How Self-Employment Tax Works
When you work as a freelancer, independent contractor, or sole proprietor, you are responsible for both the employer and employee portions of Social Security and Medicare taxes. This combined 15.3% rate is called self-employment (SE) tax. W2 employees only pay 7.65% — their employer pays the other half.
The SE Tax Calculation
Net SE Income = Gross Income − Business Expenses
SE Tax Base = Net SE Income × 0.9235
SE Tax = SE Tax Base × 0.153
SE Deduction = SE Tax ÷ 2 (deducted from AGI)
Federal Tax = Applied to (Net SE − SE Deduction + Other Income − Standard Deduction)
Maximizing Your Deductions
Every dollar of legitimate business expenses reduces both your SE tax and income tax. Common deductions include home office, equipment, software, professional development, health insurance premiums (above-the-line deduction), and retirement contributions (SEP-IRA allows up to 25% of net SE income).
Quarterly Estimated Taxes
Unlike employees who have taxes withheld, self-employed individuals must pay taxes quarterly. Missing a payment or paying too little can result in IRS underpayment penalties. The safe harbor rule: pay at least 100% of last year's tax liability (110% if your prior year AGI exceeded $150,000) to avoid penalties.
Frequently Asked Questions
Self-employment (SE) tax is Social Security and Medicare taxes for self-employed individuals. The rate is 15.3% (12.4% Social Security + 2.9% Medicare) on 92.35% of net self-employment earnings. W2 employees pay half (7.65%) with employers paying the other half — self-employed pay both sides.
Step 1: Multiply net SE earnings × 0.9235 to get the SE tax base. Step 2: Multiply the base × 0.153 to get SE tax. Step 3: You can deduct half of the SE tax (the employer equivalent portion) from your gross income when calculating federal income tax.
You can deduct 50% of your SE tax as an above-the-line deduction (Schedule SE). This reduces your adjusted gross income (AGI), which in turn reduces your federal income tax. It does not reduce SE tax itself.
Yes — if you expect to owe $1,000 or more in taxes for the year, you must pay quarterly estimated taxes. Due dates are April 15, June 15, September 15, and January 15 of the following year. Failure to pay can result in underpayment penalties.
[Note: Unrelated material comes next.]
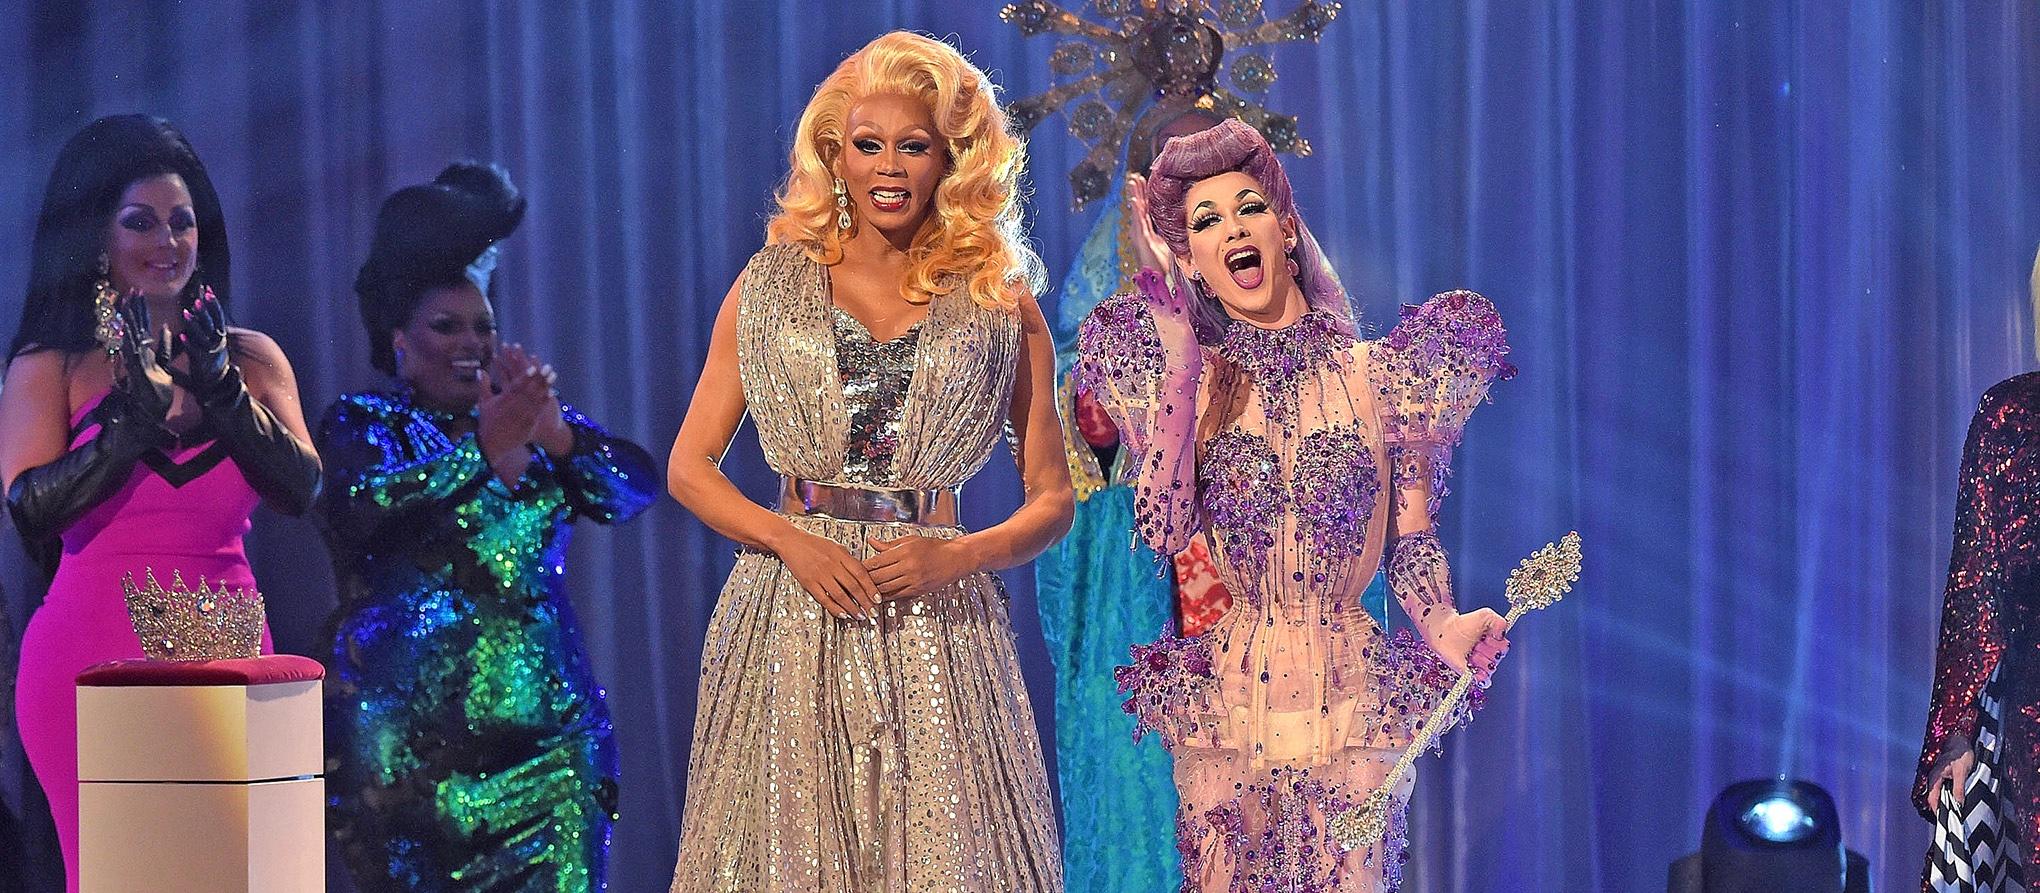 wsi-imageoptim-RuPauls-Drag-Race-Best-Contestants.jpg

Common deductible SE expenses: home office, business equipment, vehicle use, professional services (accounting, legal), software subscriptions, business insurance, education, travel, and half of health insurance premiums. Deductions reduce your net SE income and therefore your SE tax.
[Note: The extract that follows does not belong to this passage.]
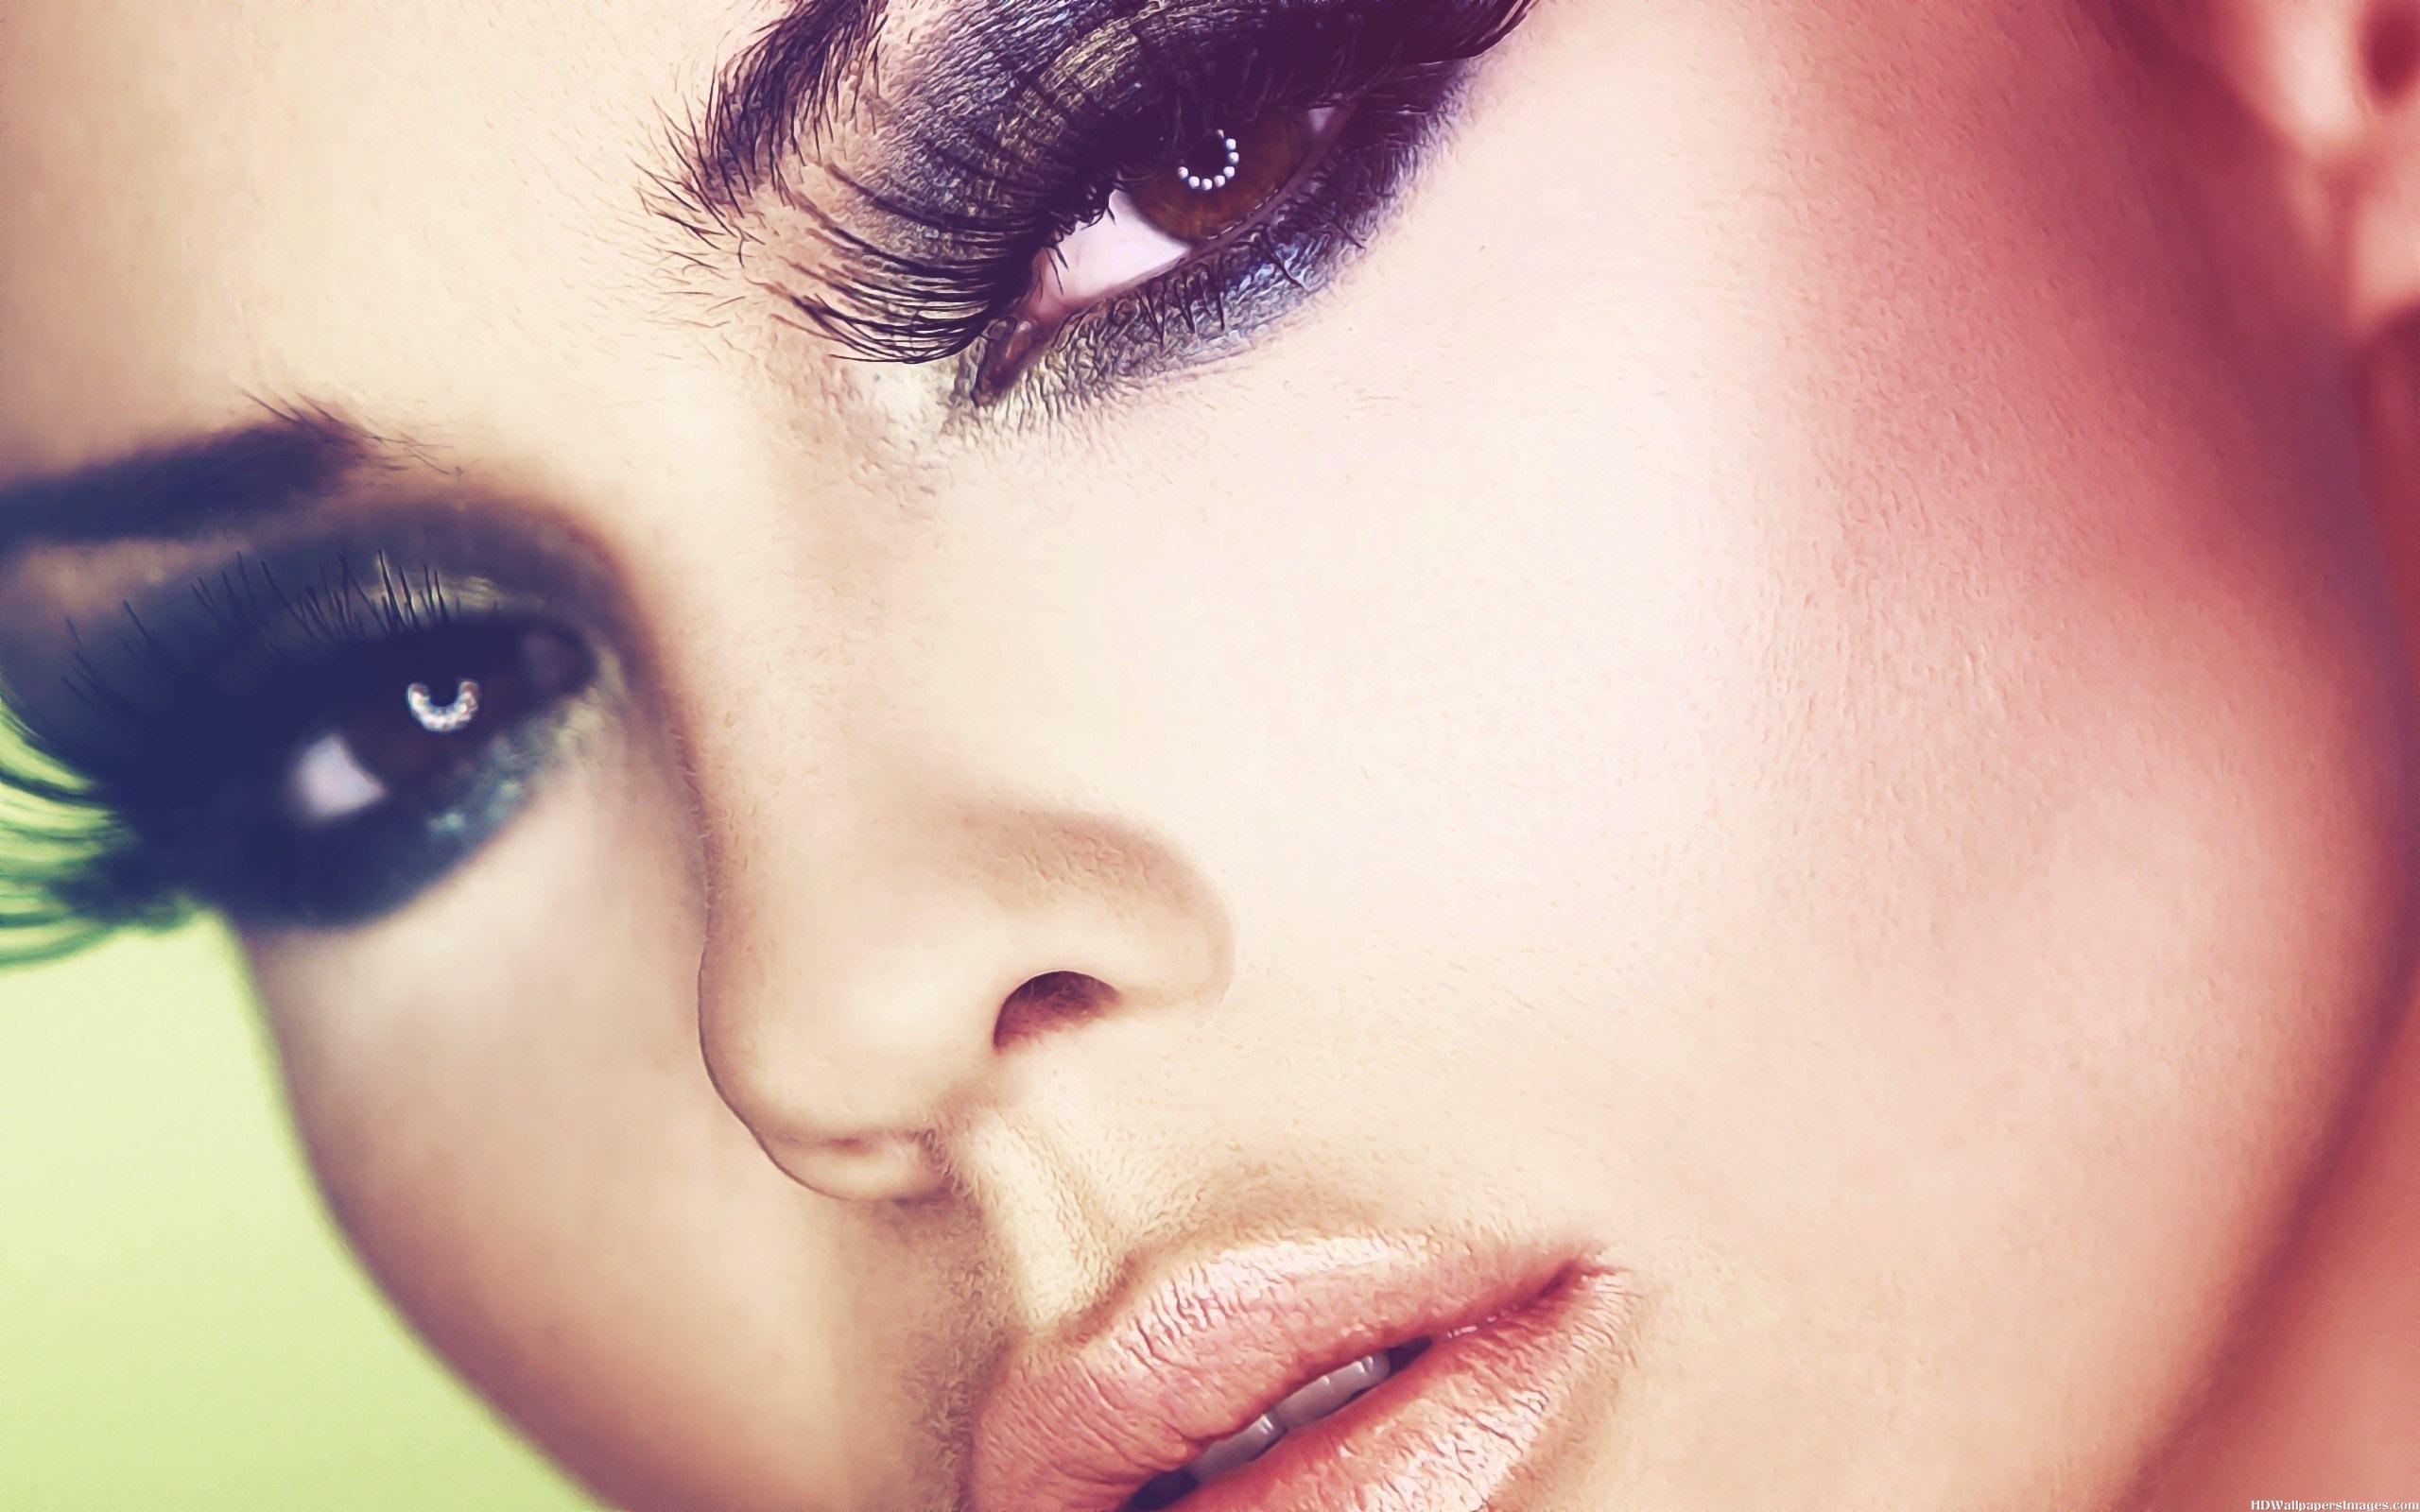 girls_eye_makeup_hd_wallpapers

For 2026, the Social Security wage base is $176,100. The 12.4% Social Security tax only applies to earnings up to this limit. The 2.9% Medicare tax applies to all earnings with no cap. High earners also pay an additional 0.9% Medicare surtax on earnings above $200,000 (single) or $250,000 (married).
States with no income tax: Alaska, Florida, Nevada, New Hampshire (only on dividends/interest), South Dakota, Tennessee, Texas, Washington, Wyoming. Living in one of these states can significantly reduce your total tax burden as a self-employed person.
An S-Corp election can reduce SE tax by allowing you to split income between a salary (subject to payroll taxes) and distributions (not subject to SE tax). This strategy typically saves money once net income exceeds $50,000–$80,000/year. Consult a CPA to evaluate.